Address
- 3236 Atlanta Highway Dallas, Georgia, 30132 United States
- Coordinates: 33°54′33″N 84°47′18″W﻿ / ﻿33.90926°N 84.78825°W

District information
- Grades: Pre-kindergarten – 12
- Established: 1872
- Superintendent: Steve Barnette
- Accreditations: Southern Association of Colleges and Schools Georgia Accrediting Commission
- NCES District ID: 1304020

Students and staff
- Enrollment: 31,518 (2022–23)
- Faculty: 2,100.00 (FTE)
- Staff: 1,844.50 (FTE)
- Student–teacher ratio: 15.01

Other information
- Telephone: (770) 443-8000
- Fax: (770) 443-8089
- Website: paulding.k12.ga.us

= Paulding County School District =

School district in Georgia (U.S. state)

The Paulding County School District is a public school district in Paulding County, Georgia, United States, based in Dallas.

Its boundaries parallel that of the county. It serves the communities of Braswell, Dallas, and Hiram.

==Schools==
The Paulding County school district is composed of thirty-four schools as of 2024–25: twenty-one elementary schools, ten middle schools, and five high schools.

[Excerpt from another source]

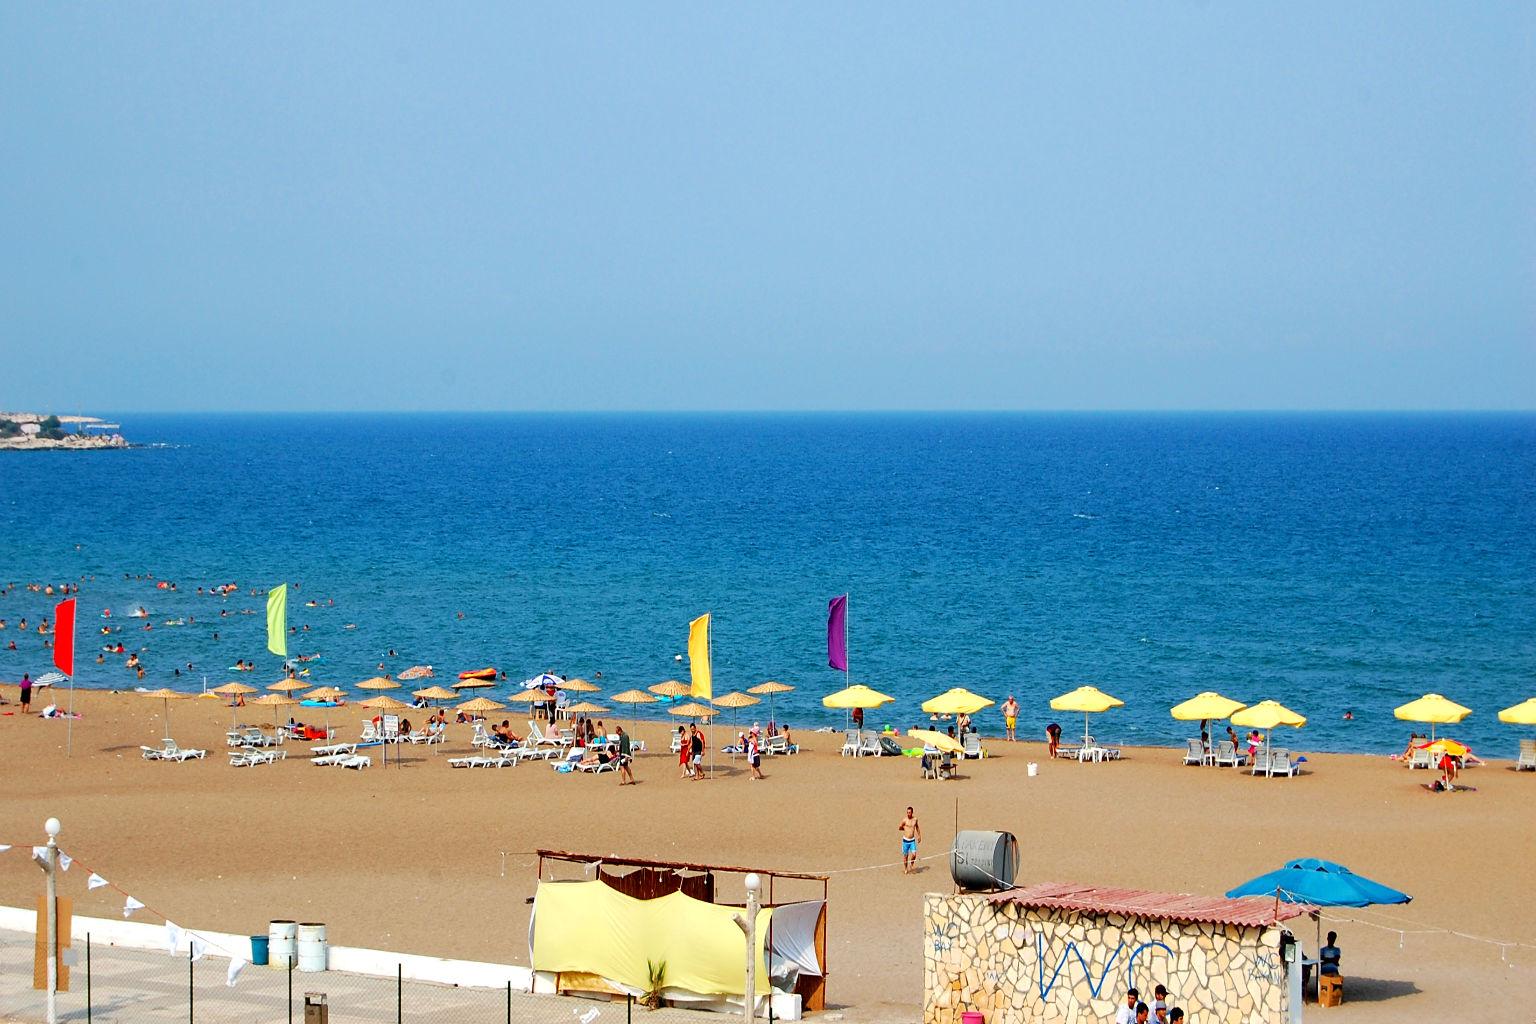 İyonya Denizi. Akdenizin Tatil Köyleri

After the 2011–12 school year, P.B. Ritch Elementary closed and a new middle school with the same name opened near Hiram the following year. In 2017, the school district re-opened the old P.B. Ritch Elementary School facility as the Dianne Wright Innovation Center. The Dianne Wright Innovation Center houses offices for Student Assessment, Professional Learning, School Nutrition, and the Cobb/Paulding Adult Education Center which is operated by the Cobb County School District.

===Elementary schools===
- Abney Elementary School
- Allgood Elementary School
- Baggett Elementary School
- Burnt Hickory Elementary School
- Dallas Elementary School
- Dugan Elementary School
- Hiram Elementary School
- Hutchens Elementary School
- McGarity Elementary School
- Nebo Elementary School
- New Georgia Elementary School
- Northside Elementary School
- Panter Elementary School
- Poole Elementary School
- Ragsdale Elementary School
- Roberts Elementary School
- Russom Elementary School
- Shelton Elementary School
- Union Elementary School

===Middle schools===
- Austin Middle School
- Dobbins Middle School
- East Paulding Middle School
- Herschel Jones Middle School
- Scoggins Middle School
- Moses Middle School
- South Paulding Middle School
- P.B. Ritch Middle School
- Sammy McClure Middle School
- Crossroads Middle School

===High schools===
- East Paulding High School
- Hiram High School
- Paulding County High School
- South Paulding High School
- North Paulding High School

==Parent involvement==
Every school in Paulding County has a Parent Teacher Association or a Parent Teacher Student Association. These associations allow teachers, students, and parents to hold conferences to discuss the means of ensuring that the student achieves his or her goals. PTA and PTSA meetings are held either before or after school.

== Face Masks ==
The Paulding County School District gained national news coverage after images surfaced showing hundreds of students not wearing face masks. The school district had strongly encouraged staff and students to wear a face mask but did not require it. A student at North Paulding High School took the now viral pictures, and was initially suspended. The suspension was later revoked. 3 staff and 6 students later tested positive.